Saturday, February 4, 2012

I went to war. Not.

       The Stolen Valor Act is bouncing around the courts.  The latest ruling at the appellate level has determined that the law, which makes it a crime to lie about your military record, does not violate the First Amendment because, the court reasoned, the F.A. doesn't protect lies.  That case involves Rick Strandlof, who told some whoppers in Colorado a few years ago. The veterans he lied too, including some active in IVAW, were mostly as reluctant to challenge him as were civilians. (The Supremes will consider a different challenge to the law, also on First Amendment grounds, probably next month.)

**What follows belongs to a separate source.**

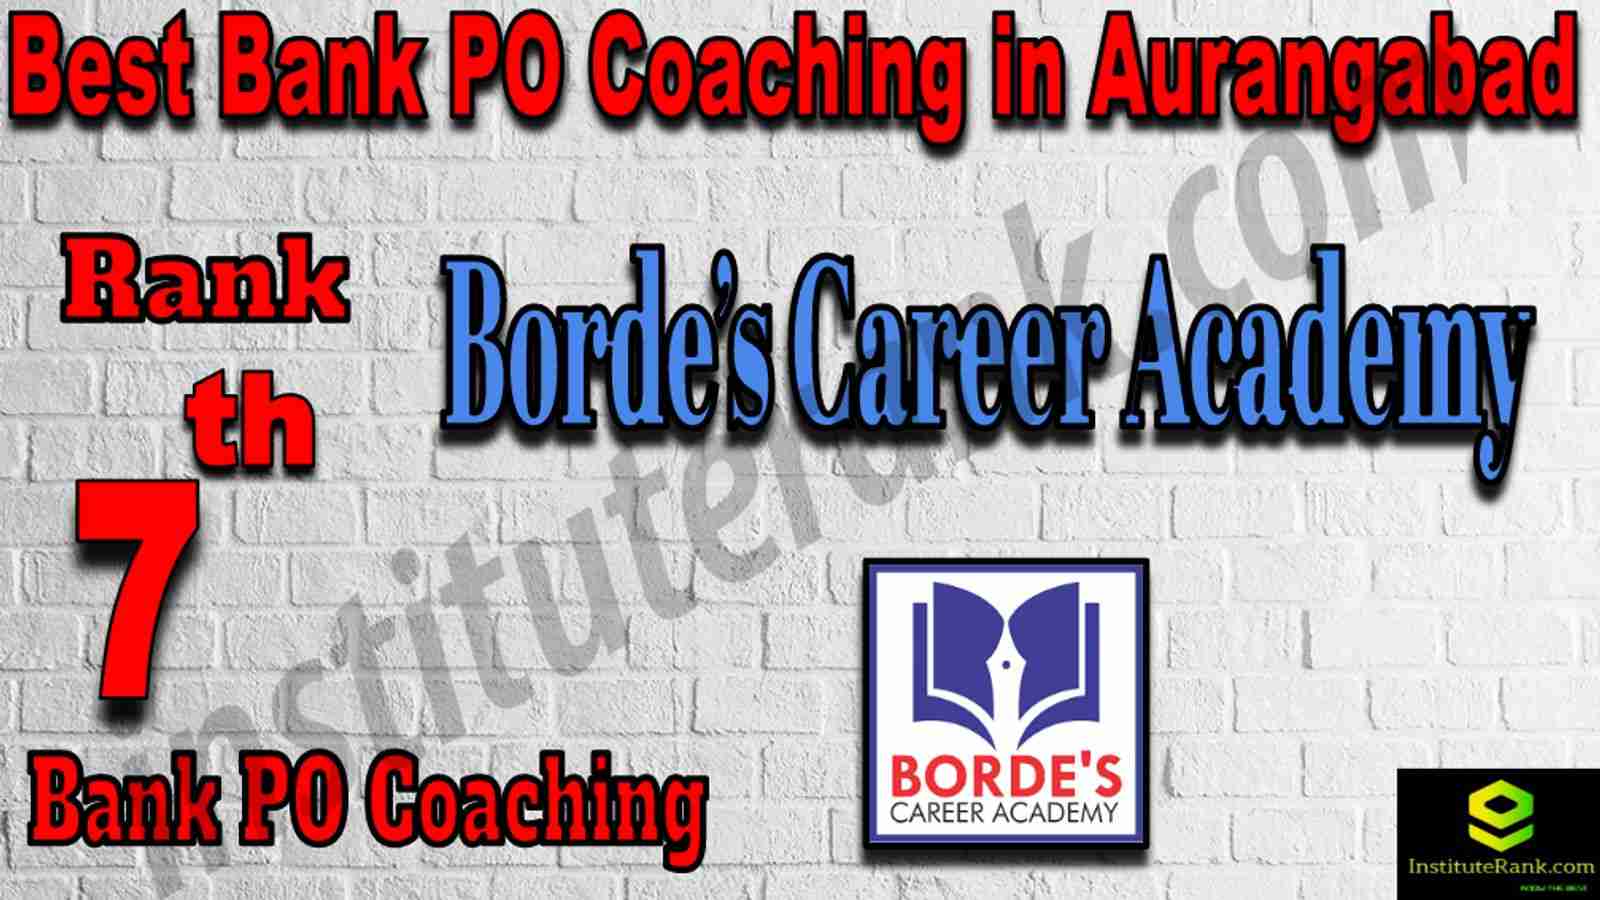 7th Best Bank PO Coaching in Aurangabad

       Advocates of unfettered speech are concerned that this expands potential punishment for "false statements of fact" and threatens journalists who publish erroneous news reports. We all know we're not supposed to lie, but if that decision stands, it would be a significant roll backward on press freedom. 
      I have a different concern, a question: Why are the facts about whether someone was a soldier more sacrosanct than other speech?  Making up or exaggerating a military record is remarkably common: politicians, professors and other storytellers get outed for it regularly.  Some get away with it (Geo. W. Bush, anyone?), some resign in disgrace. 
       On the other hand, a lot of veterans play down their wartime actions --out of modesty or revulsion at the question, Did you kill anybody?  But sometimes they do it out of guilt for what they did and took part in.  Are those false statements also illegal under this law, or would that have to be the Stolen Guilt Act?   Because it's all there in the name: that knee-jerk, too-simple-by-half assumption that anyone who puts on a military uniform and makes it out of boot camp is a person of valor; i.e. a hero.  And no one should steal from a hero, right?  Unless, of course, real valor can be neither bestowed, nor taken away.